■ **TASK DESCRIPTION**: When the line with "Die Kirche Notre-Dame-de-Beauvoir" turns up below, begin repeating exactly, and carry on through the line with "龍鳳酒家 メニュー 2019.10.03"; no pictures go into the copy.

■ **MATERIALS PROVIDED**:

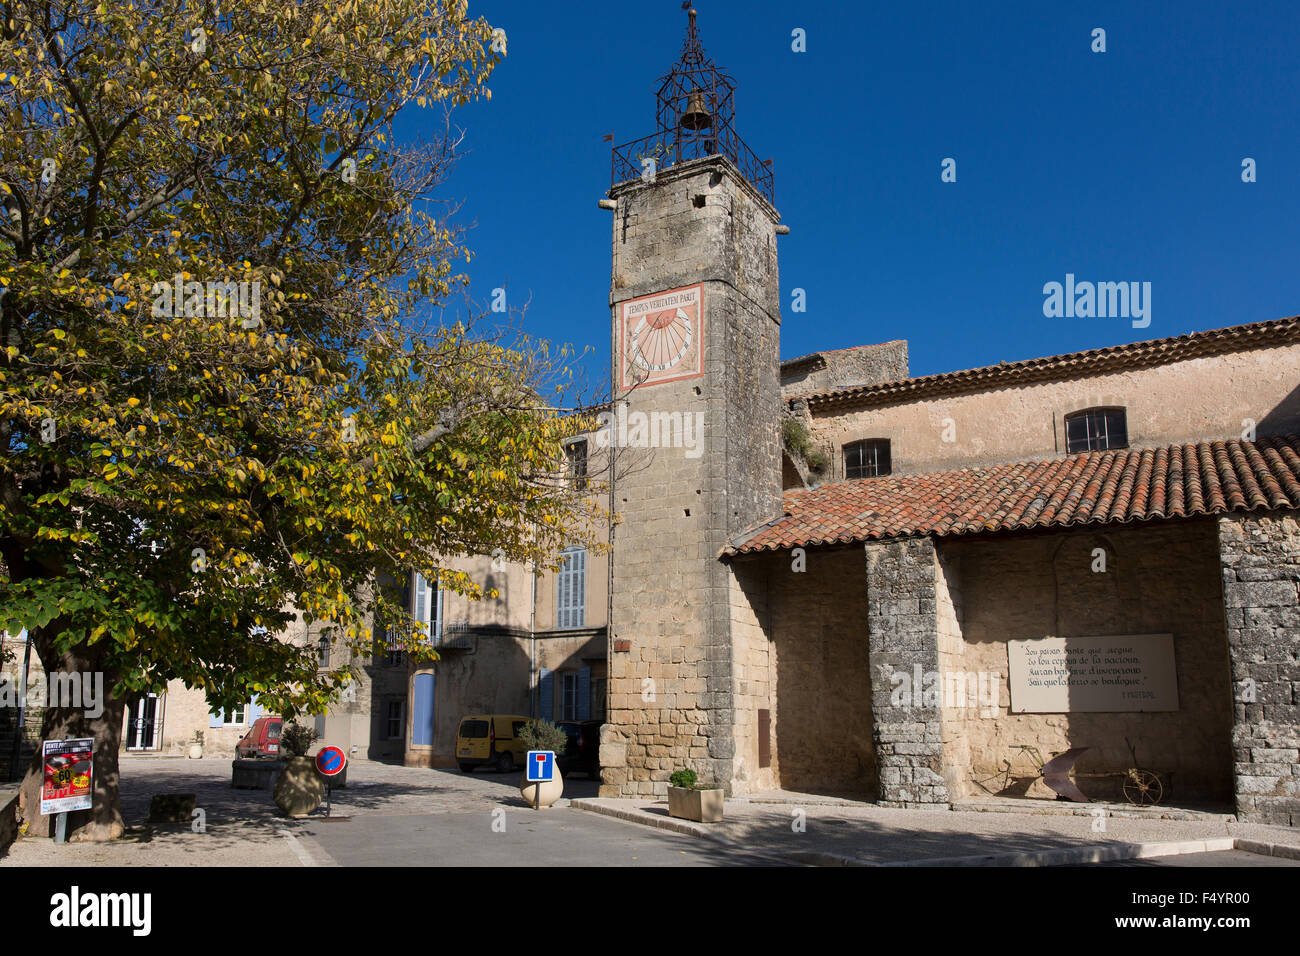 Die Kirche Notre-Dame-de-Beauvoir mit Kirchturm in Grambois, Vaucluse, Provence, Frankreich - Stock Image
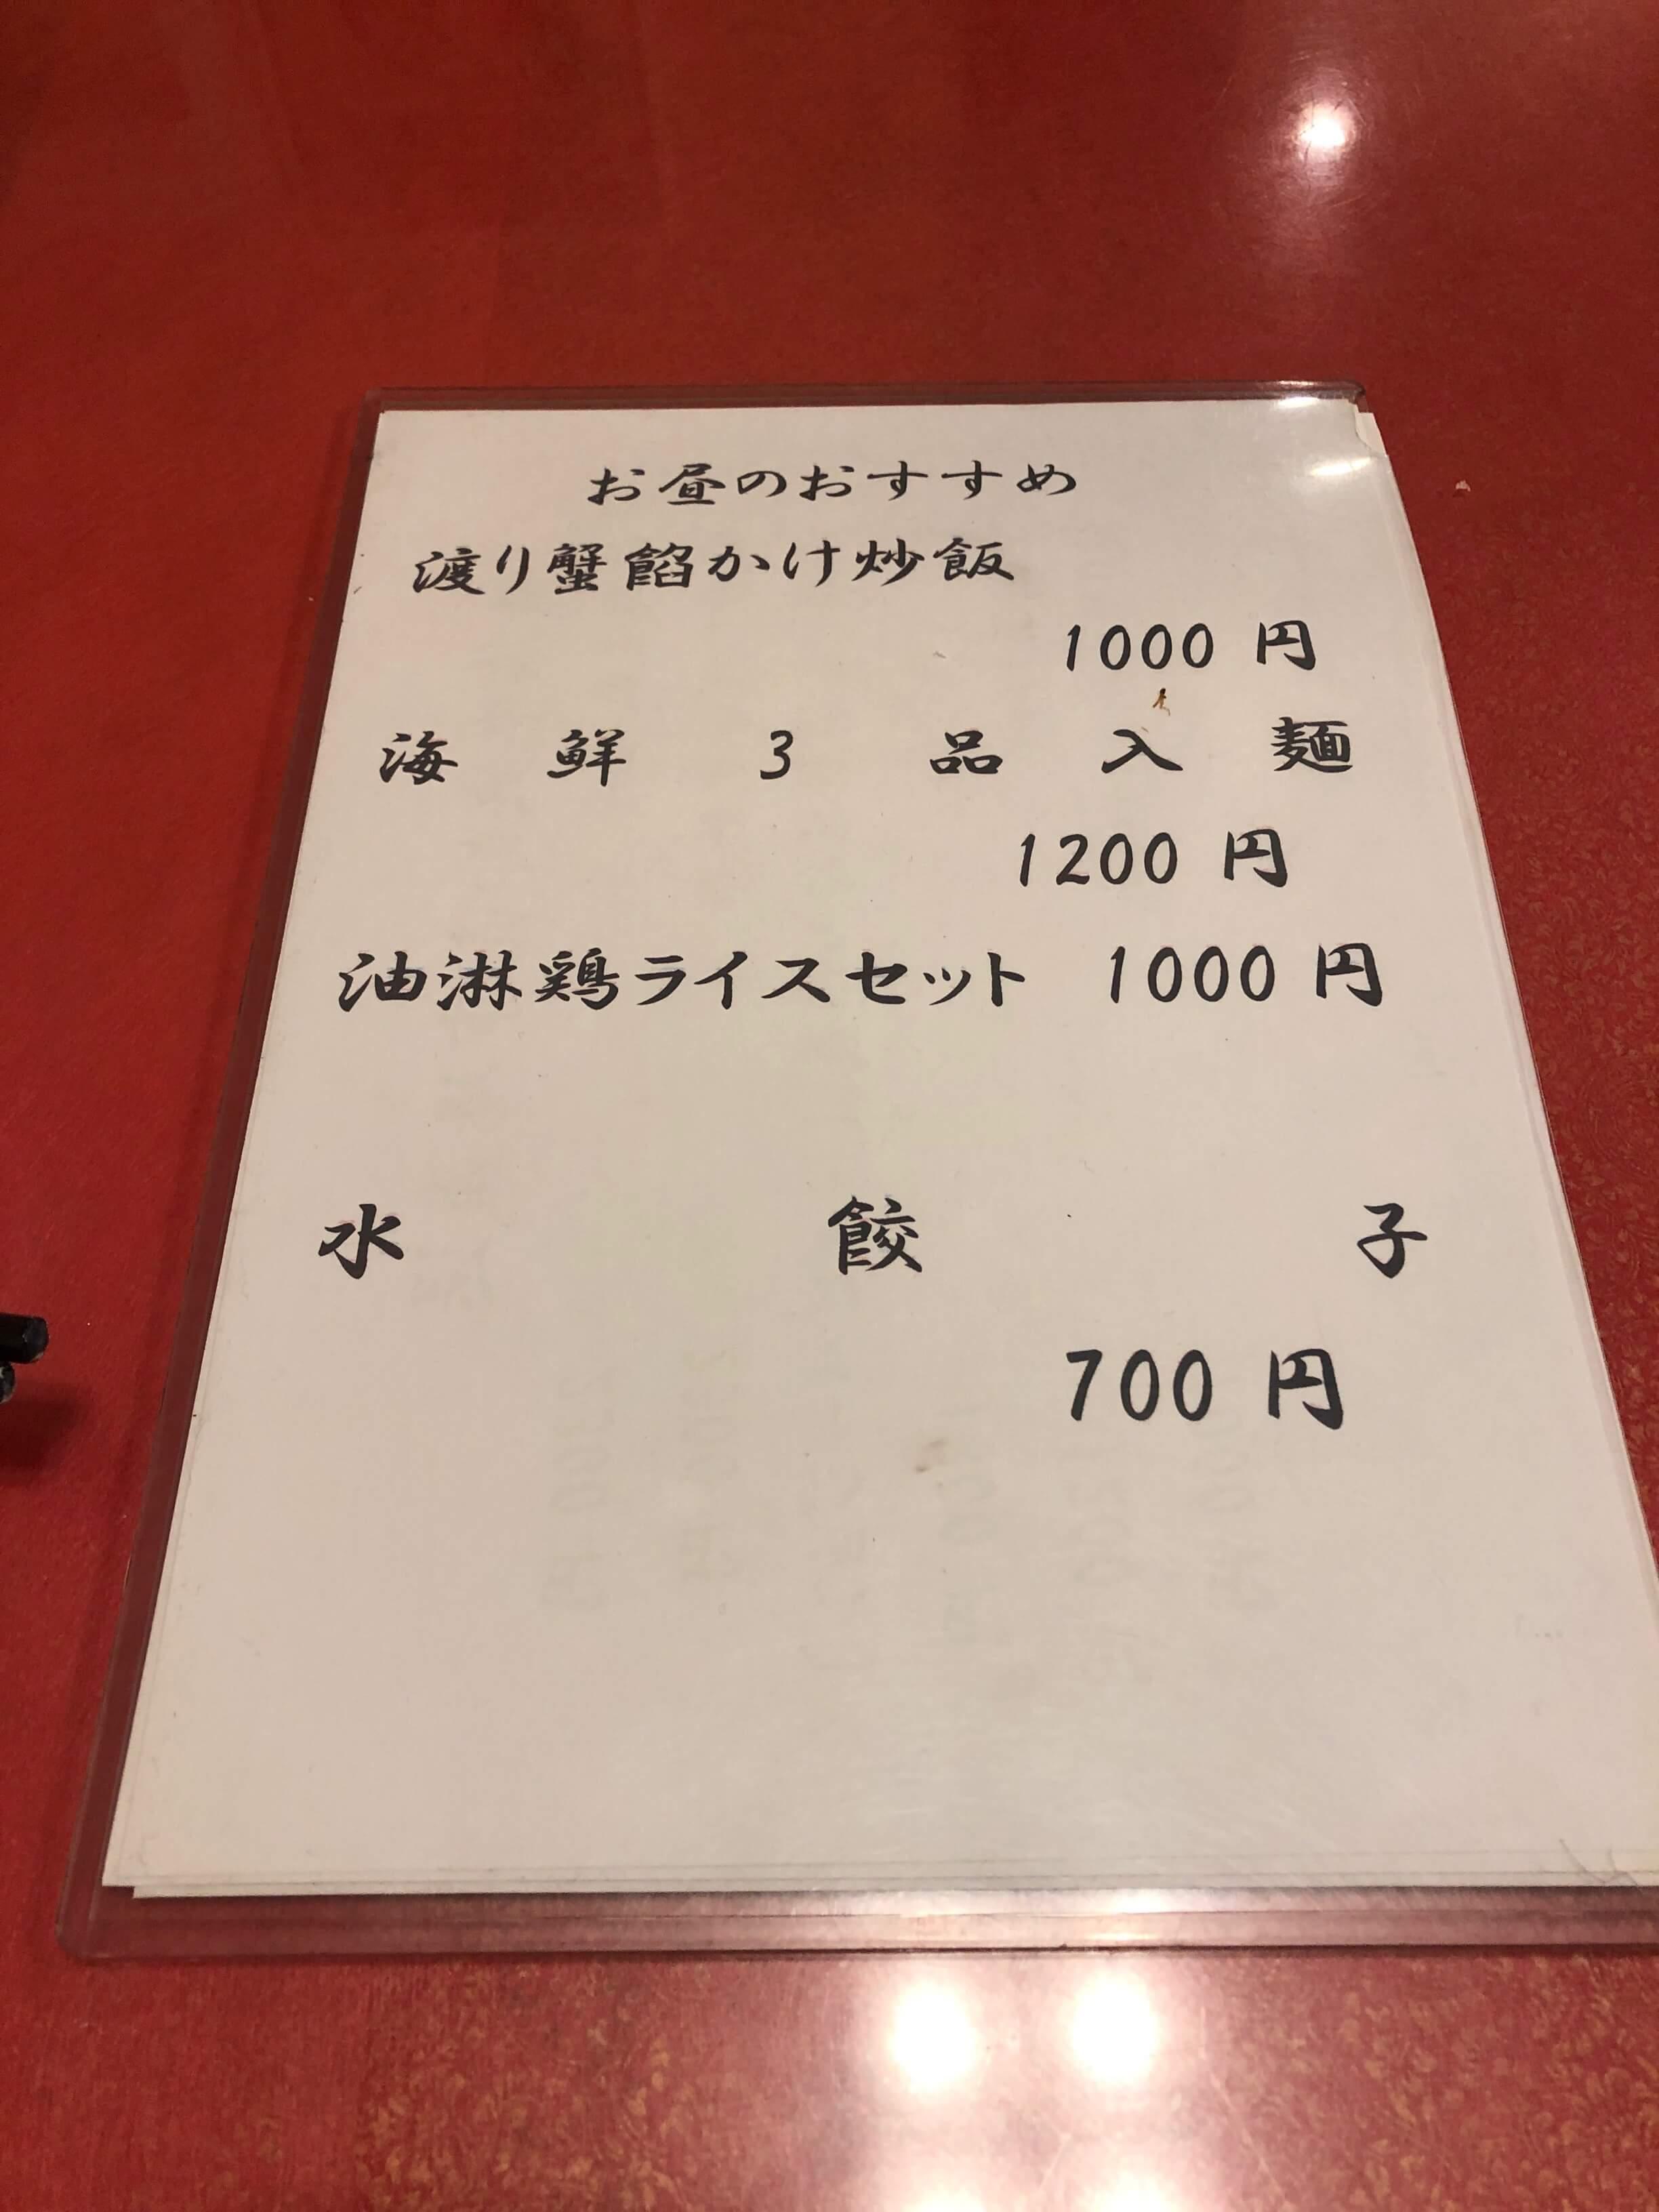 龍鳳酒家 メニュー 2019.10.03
---
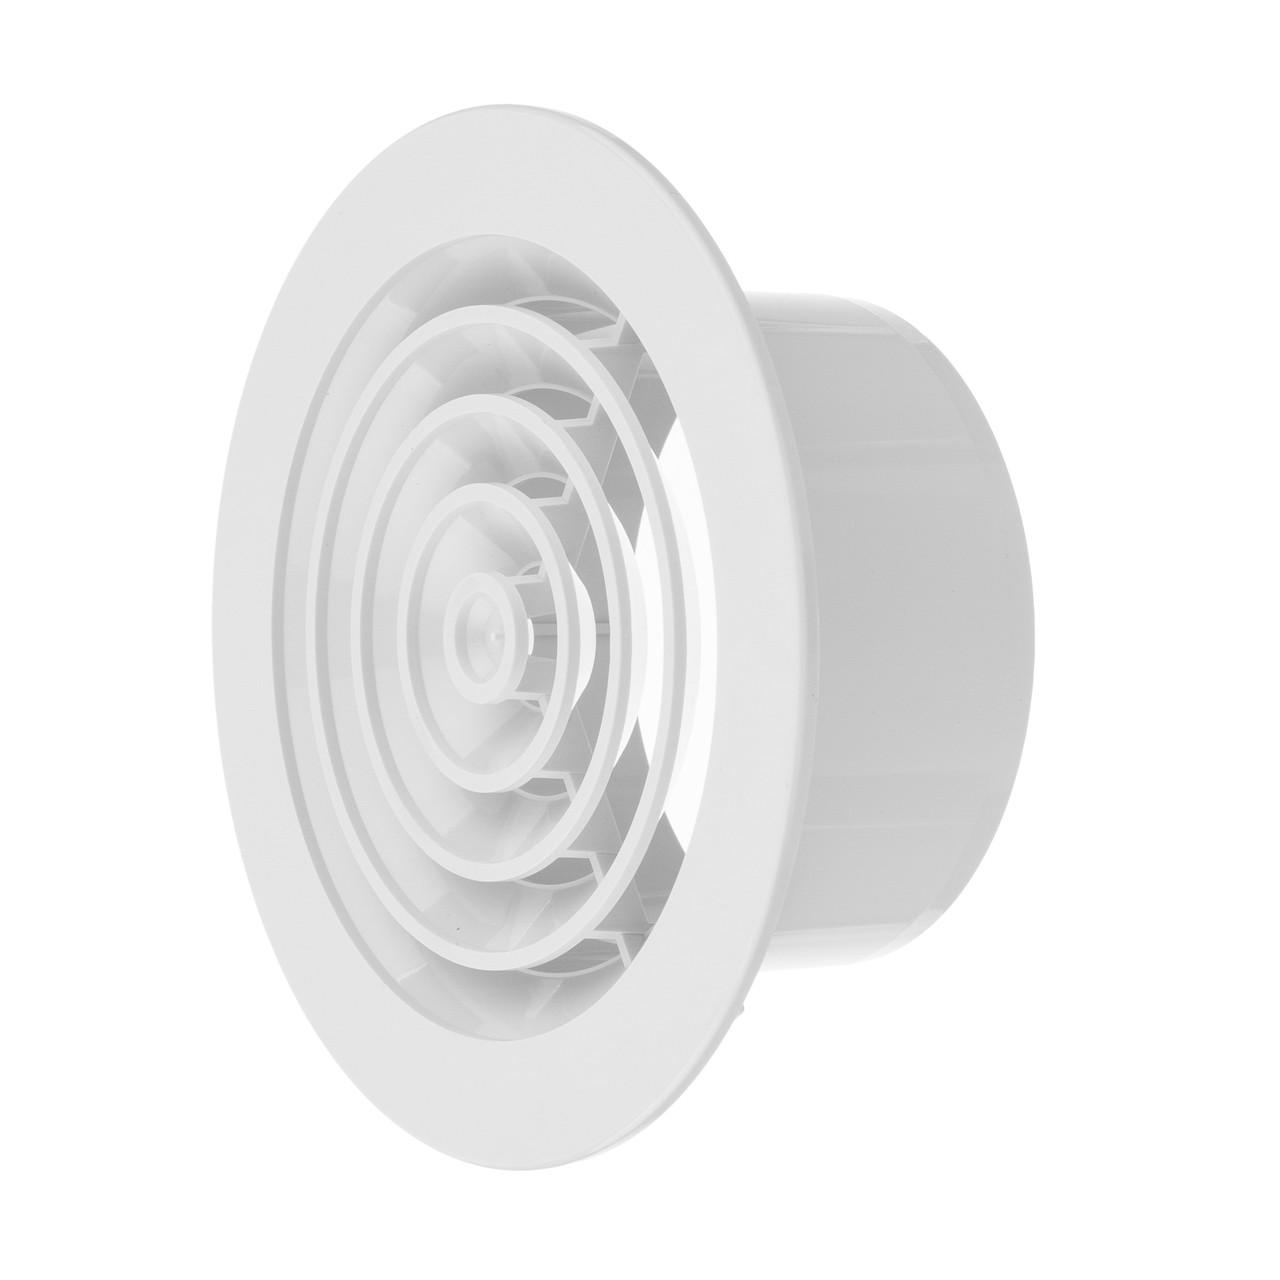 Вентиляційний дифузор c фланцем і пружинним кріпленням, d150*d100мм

■ **SOLUTION TO THIS PROBLEM**:
 Die Kirche Notre-Dame-de-Beauvoir mit Kirchturm in Grambois, Vaucluse, Provence, Frankreich - Stock Image
 龍鳳酒家 メニュー 2019.10.03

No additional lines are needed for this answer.